• Problem statement
Leaving the pictures aside, restate all of the data exactly.
Data extract below:
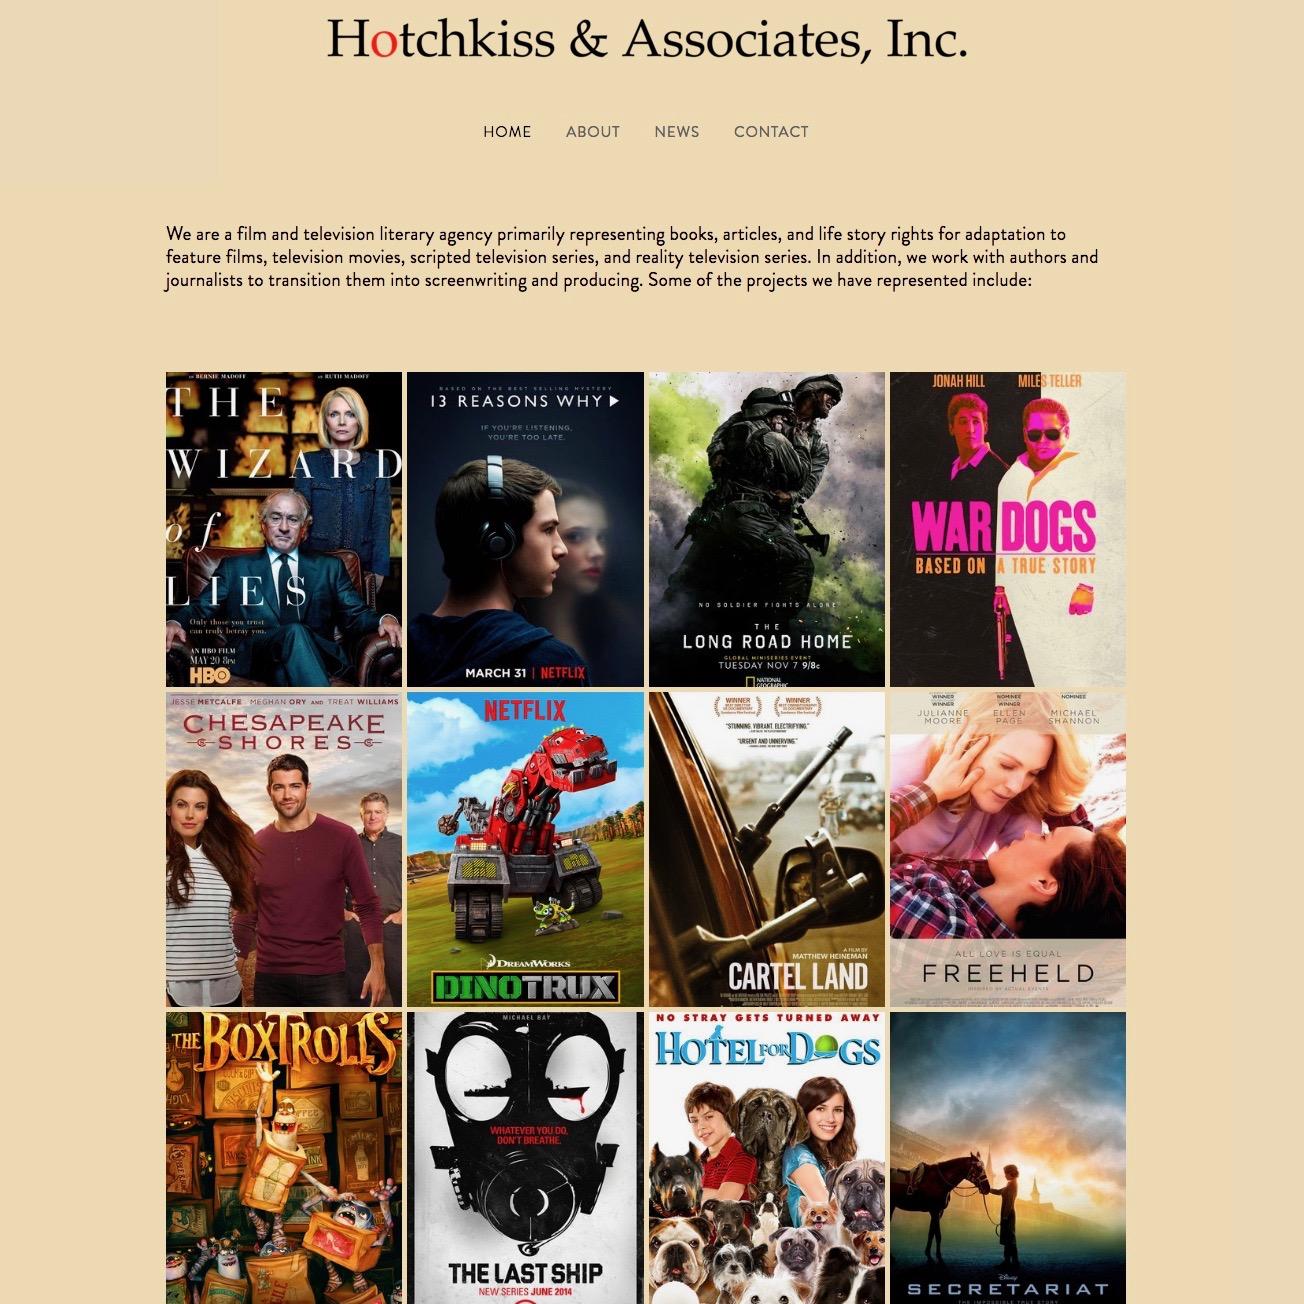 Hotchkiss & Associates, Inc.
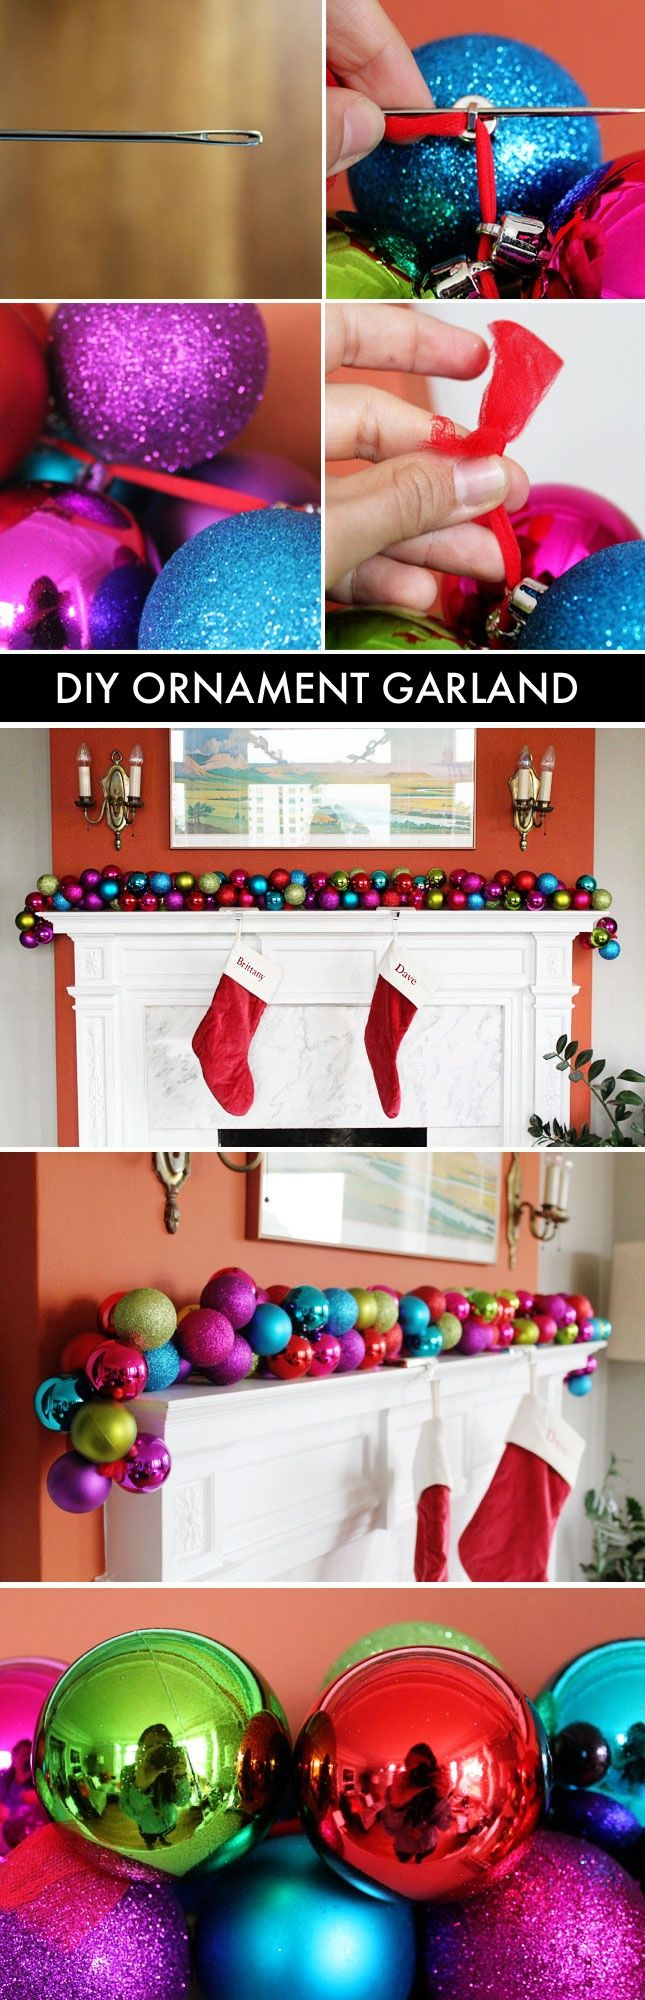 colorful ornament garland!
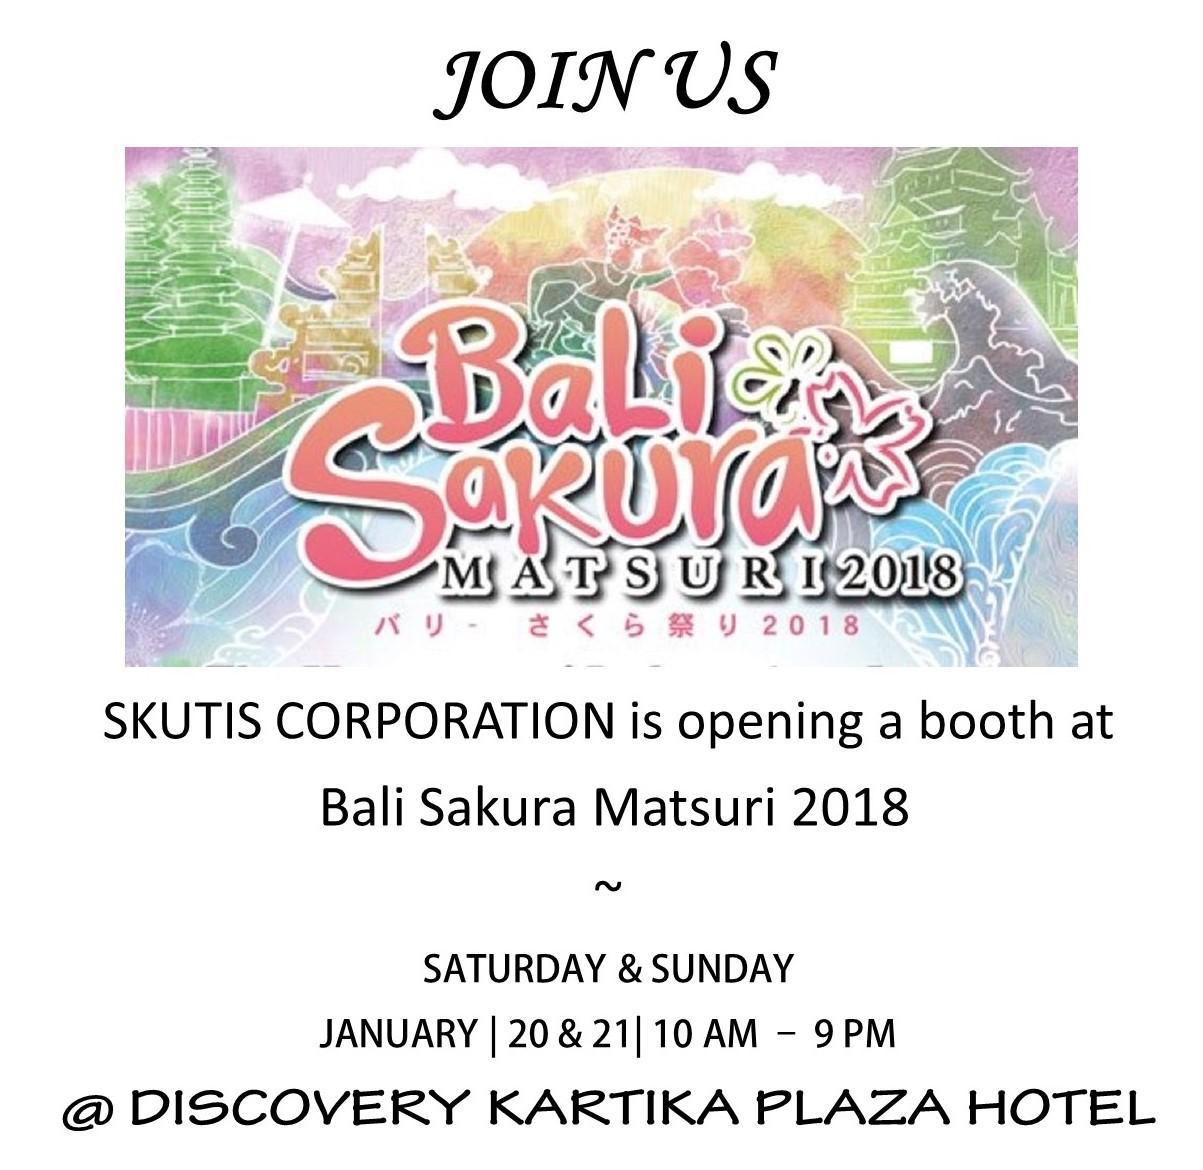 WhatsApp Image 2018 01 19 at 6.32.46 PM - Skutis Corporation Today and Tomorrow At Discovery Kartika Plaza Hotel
End of Data extract.
• Task output
 Hotchkiss & Associates, Inc.
 colorful ornament garland!
 WhatsApp Image 2018 01 19 at 6.32.46 PM - Skutis Corporation Today and Tomorrow At Discovery Kartika Plaza Hotel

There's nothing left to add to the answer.